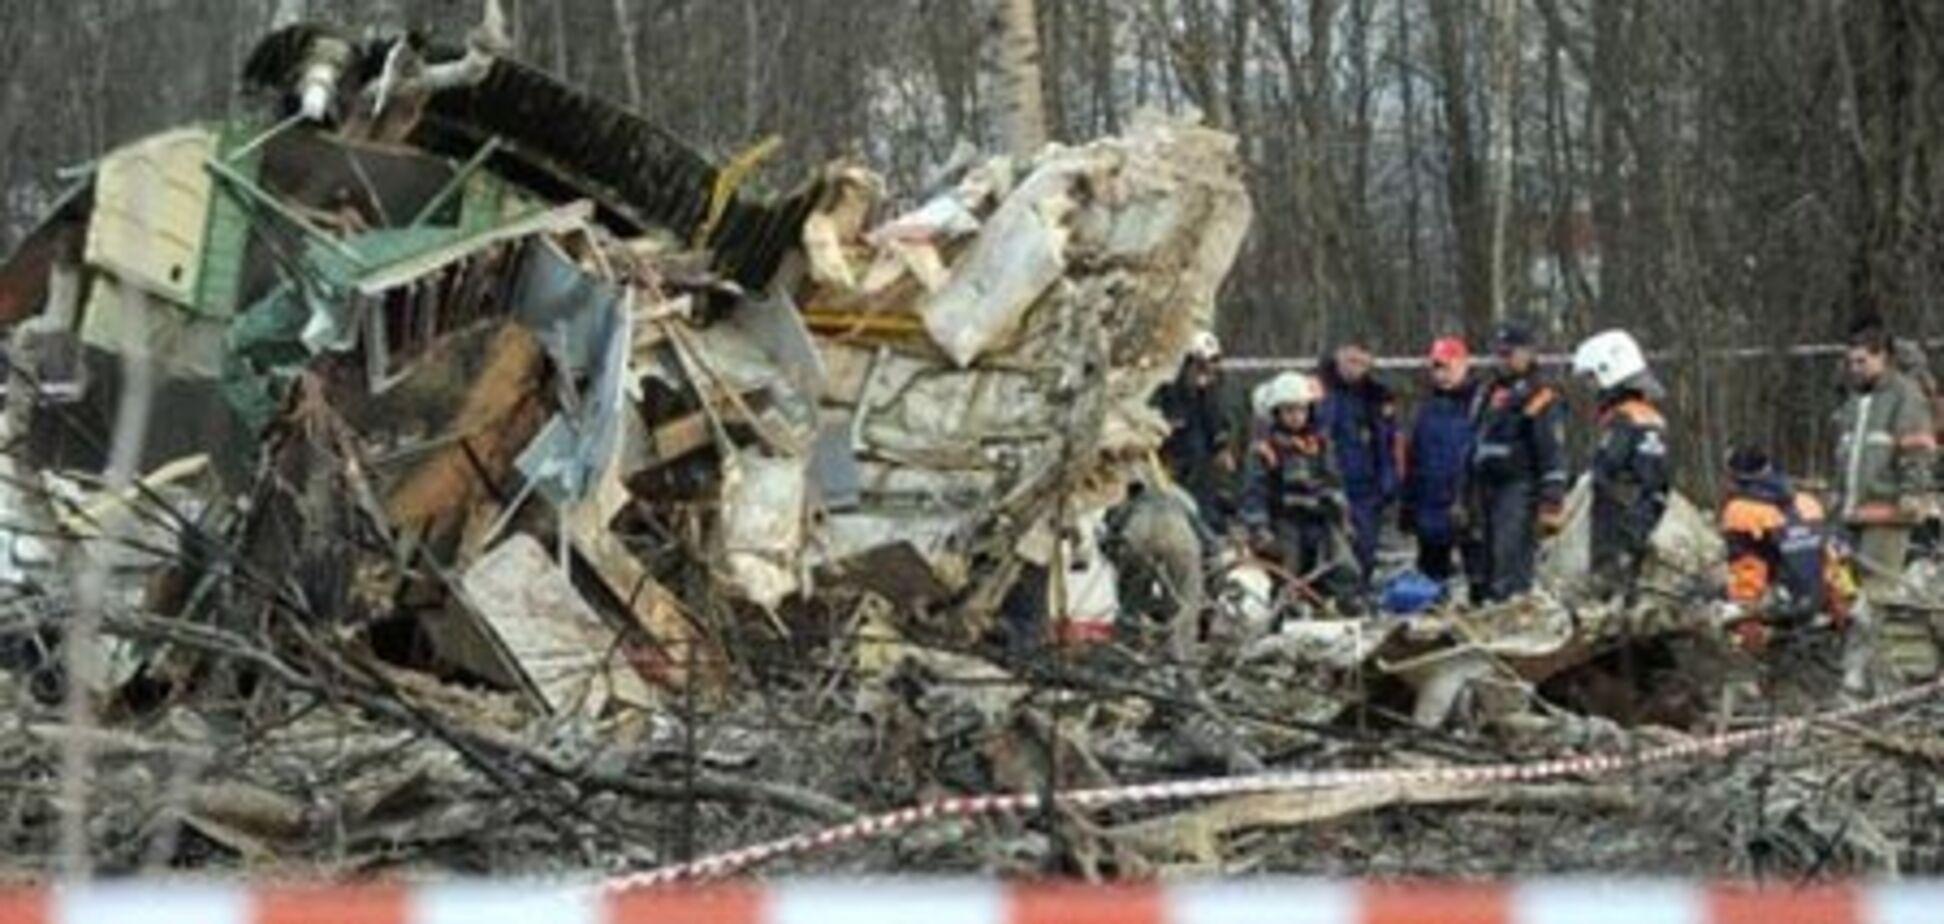 Загибель Качинського: Росія у всьому звинуватила загиблих поляків
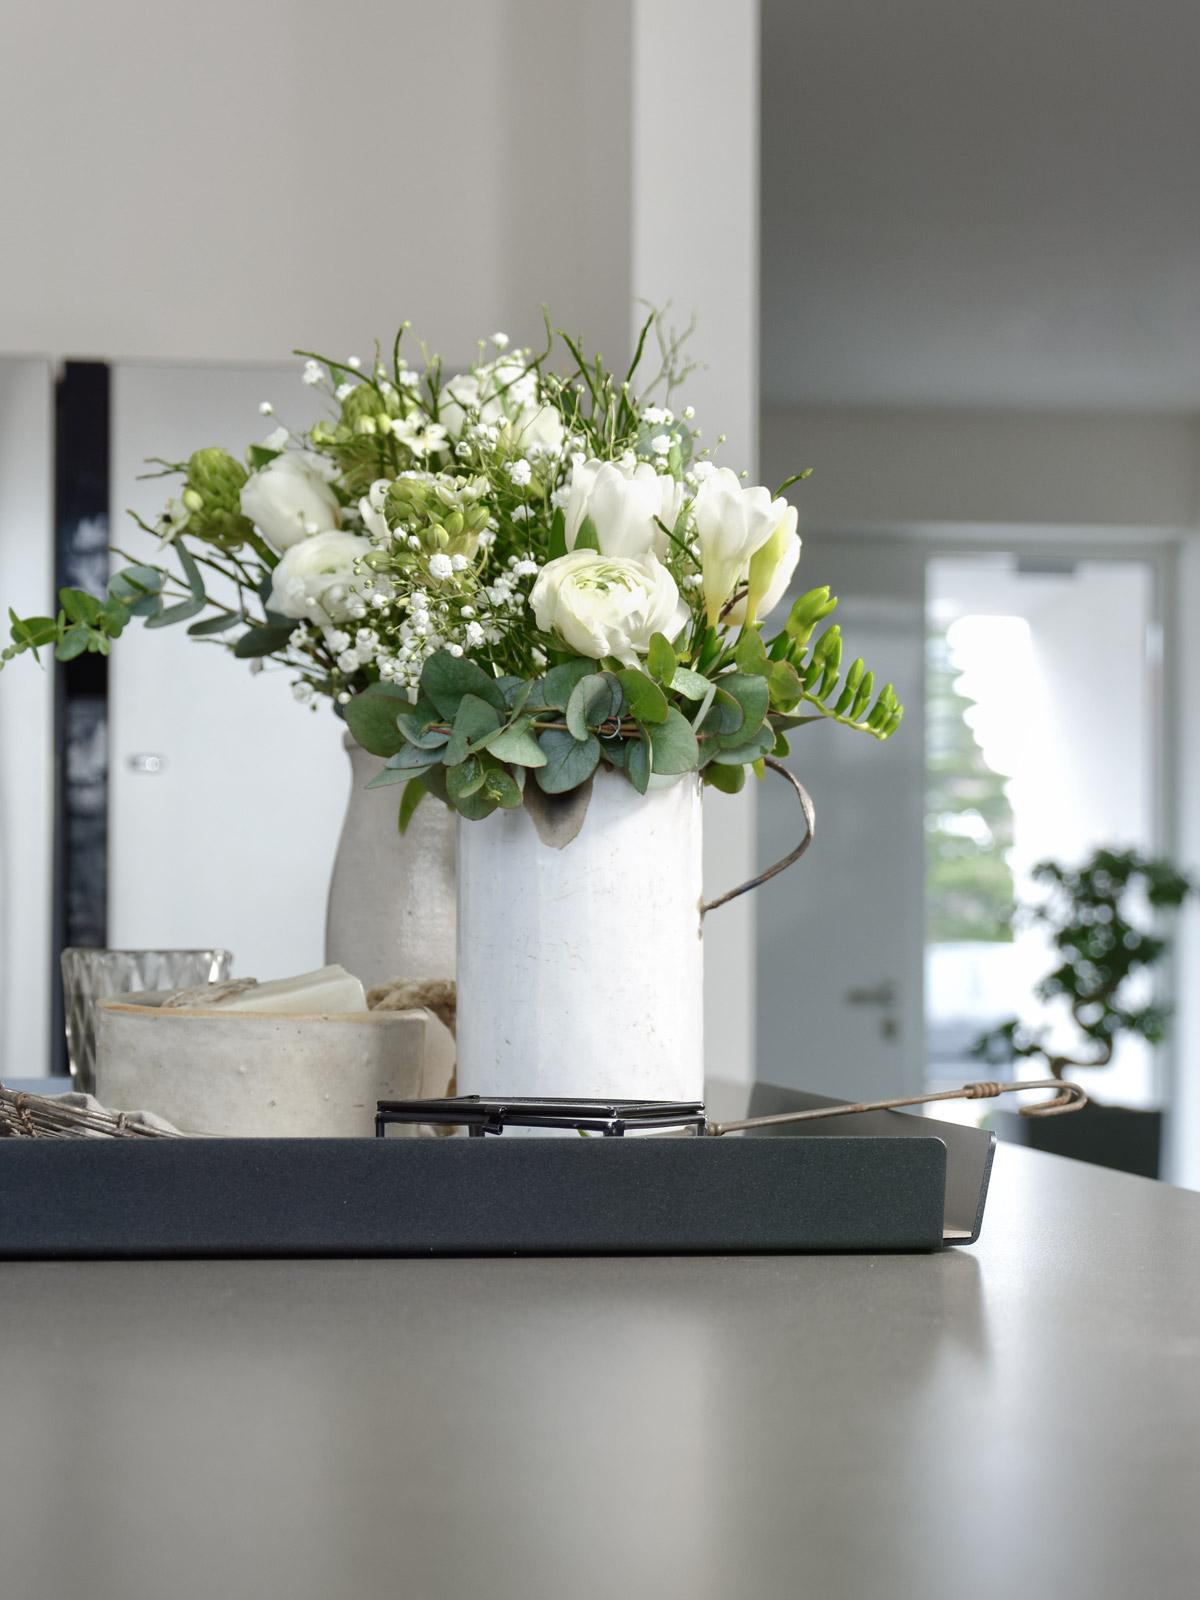 Dekoration praktisches Tablett für die Kücheninsel mxliving
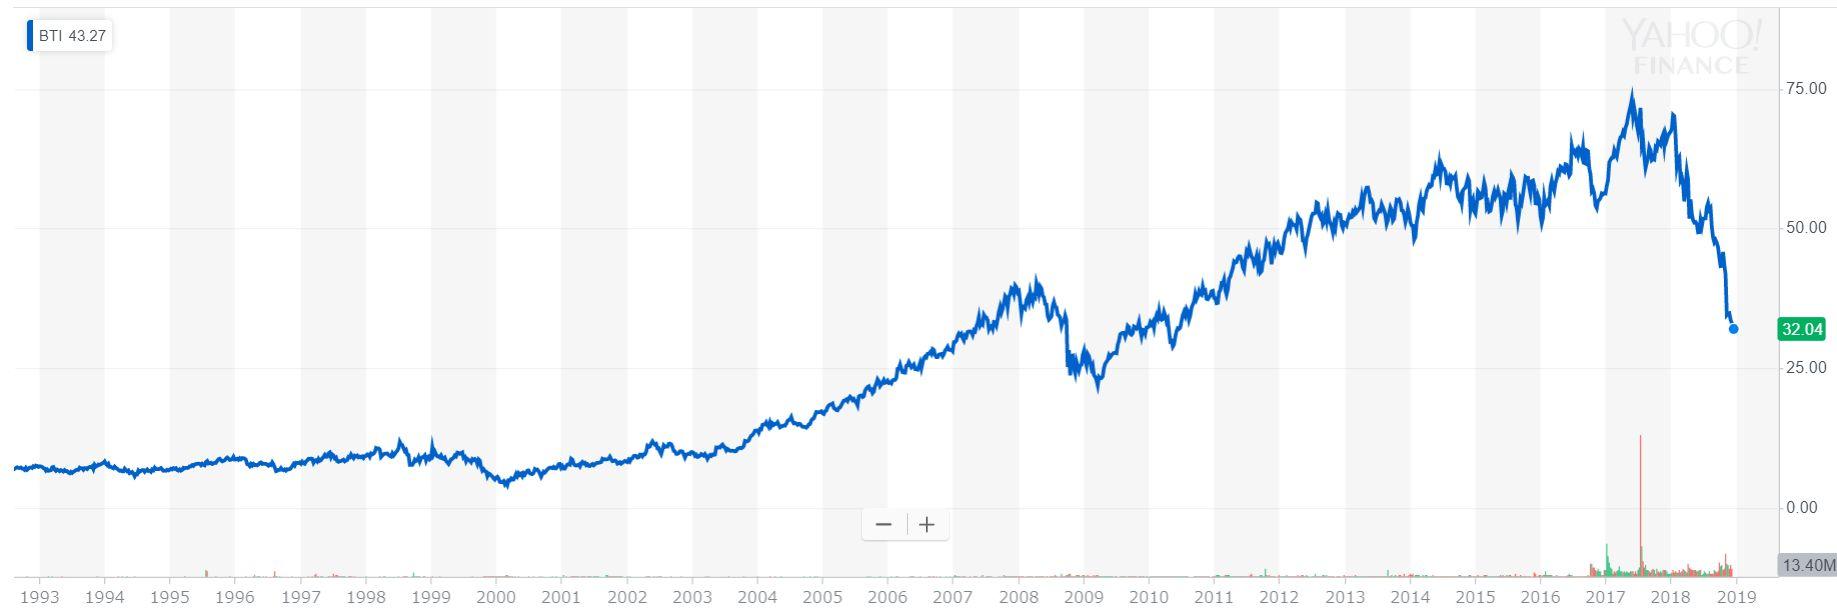 ブリティッシュ・アメリカン・タバコ(BTI)の株価(1993年~2018年)
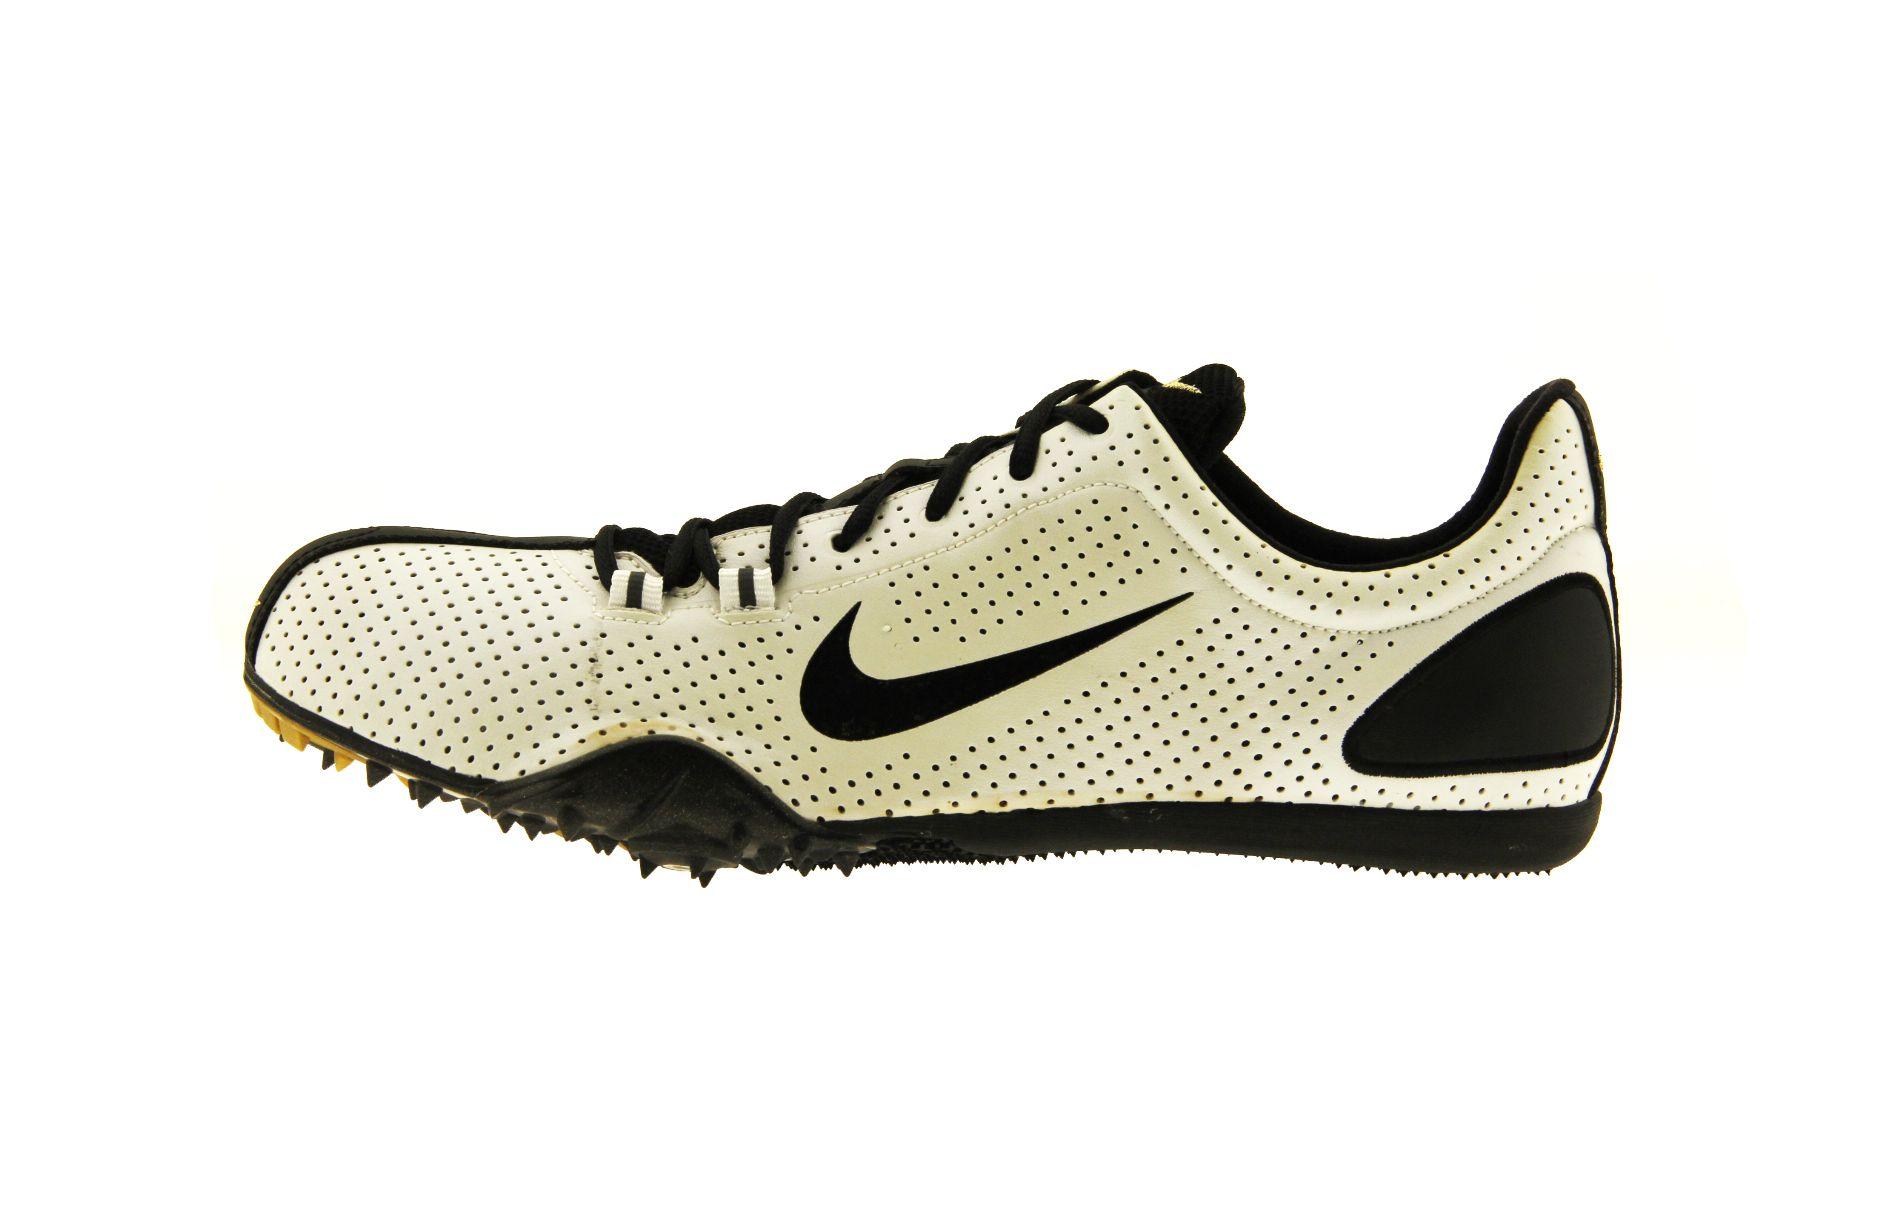 83909eeaf2a7c Track Visual Of Nike News Spike History The gAUqn7I

> [WHAT YOU HAVE TO DO]
The listing above should be returned word for word, with pictures omitted.

> [TASK OUTPUT]
 Загибель Качинського: Росія у всьому звинуватила загиблих поляків
 Dekoration praktisches Tablett für die Kücheninsel mxliving
 ブリティッシュ・アメリカン・タバコ(BTI)の株価(1993年~2018年)
 83909eeaf2a7c Track Visual Of Nike News Spike History The gAUqn7I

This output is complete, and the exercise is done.